Court of Appeal for Ontario
Citation: Gaylor-King v. McElwain, 2012 ONCA 405
Date: 2012-06-12
Docket: C53072
Before: Doherty, Juriansz and Ducharme JJ.A.
Between:
Glenn Gaylor-King
Plaintiff (Appellant)
and
John David McElwain
Defendant (Respondent in Appeal)
Counsel:
Howard Smith, for the plaintiff (appellant)
David S. Young and Reheleh Pourkhodayar, for the defendant (respondent in appeal)
Heard: June 11, 2012
On appeal from the judgment of Justice Lack of the Superior Court of Justice, sitting with a jury, dated November 26, 2010.
APPEAL BOOK ENDORSEMENT
[1] We will deal with the issues in a reverse order. We agree with the trial judge’s analysis of s. 10 of Regulation 804 (Motorized Snow Vehicles Act). The appellant was “on a highway” regardless of whether he was on the paved portion or the shoulder of the highway. These references to “roadway” in s. 10, a differently defined term, do not assist the appellant. The section on its plain meaning applies to snowmobiles “on a highway”.
[2] The trial judge properly instructed the jury in respect of its determination of the negligence of the respondent should it find that the appellant was in breach of s. 10: see Walker v.
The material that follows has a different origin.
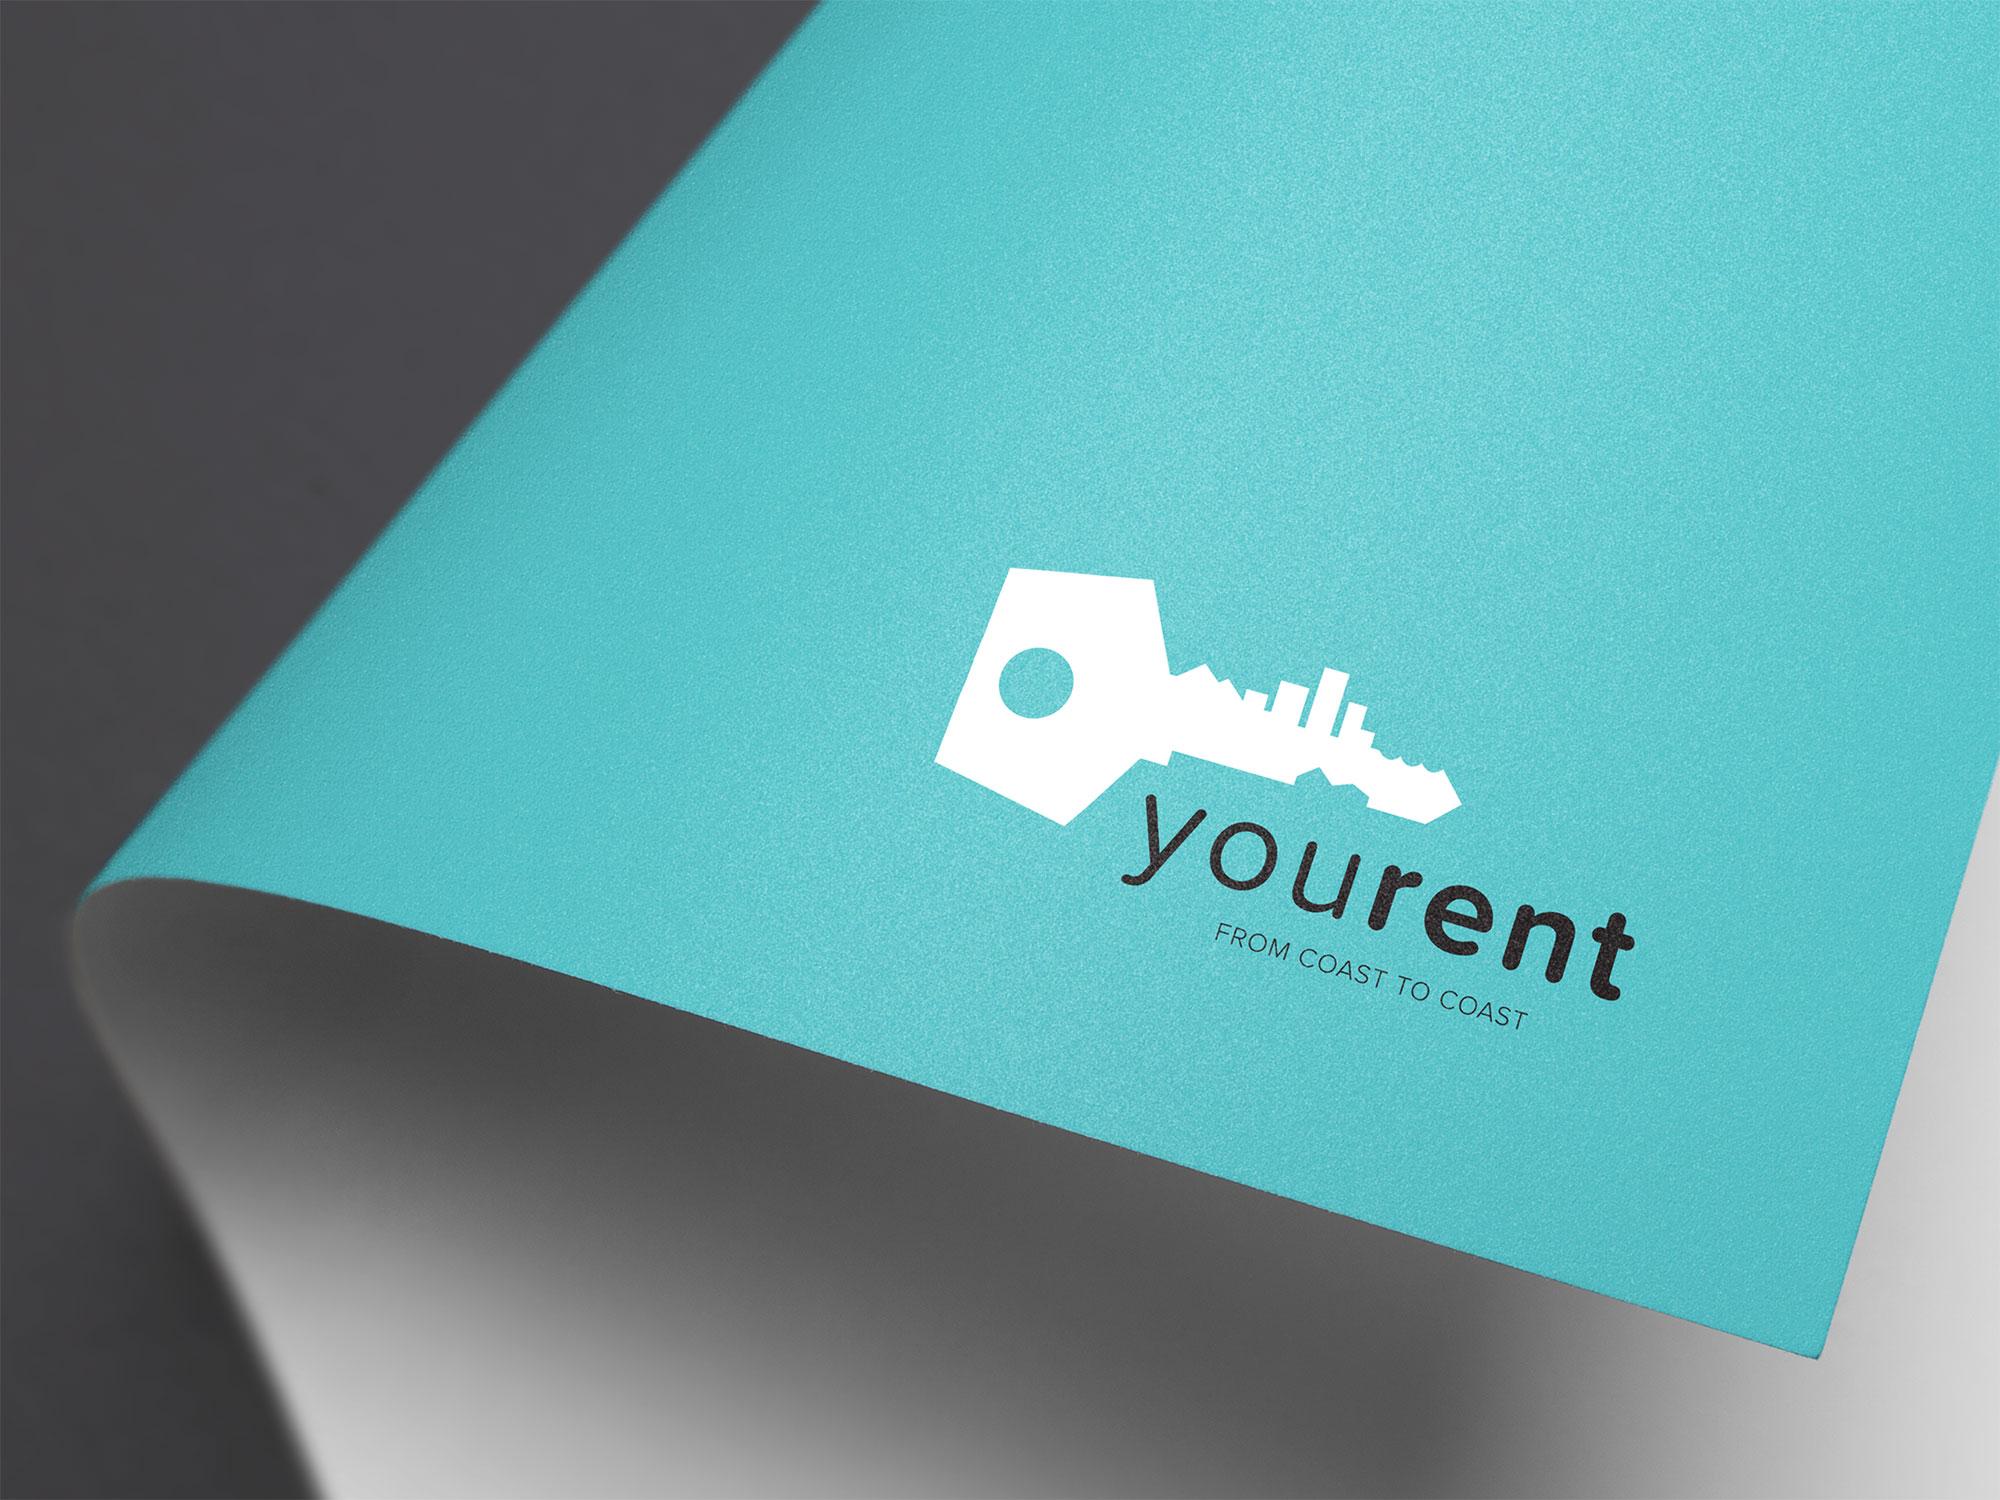 yourent_letterhead.jpg

Brownlee, 1952 (SCC), [1952] 2 D.L.R. 450 at para. 49.
[3] The admissibility of the marijuana related evidence is open to dispute, but we need not resolve that question. The jury, having been properly instructed on the respondent’s potential negligence, found that the respondent was not negligent. The marijuana related evidence, if admissible, was relevant to the appellant’s potential contributory negligence in the operation of the vehicle. The jury, given their determination that the respondent was not negligent, would not have reached that question of the appellant’s contributory negligence.
[4] The appellant abandoned the other grounds of appeal.
[5] The appeal is dismissed. The respondent is entitled to costs fixed at $9,000, inclusive of disbursements and applicable taxes.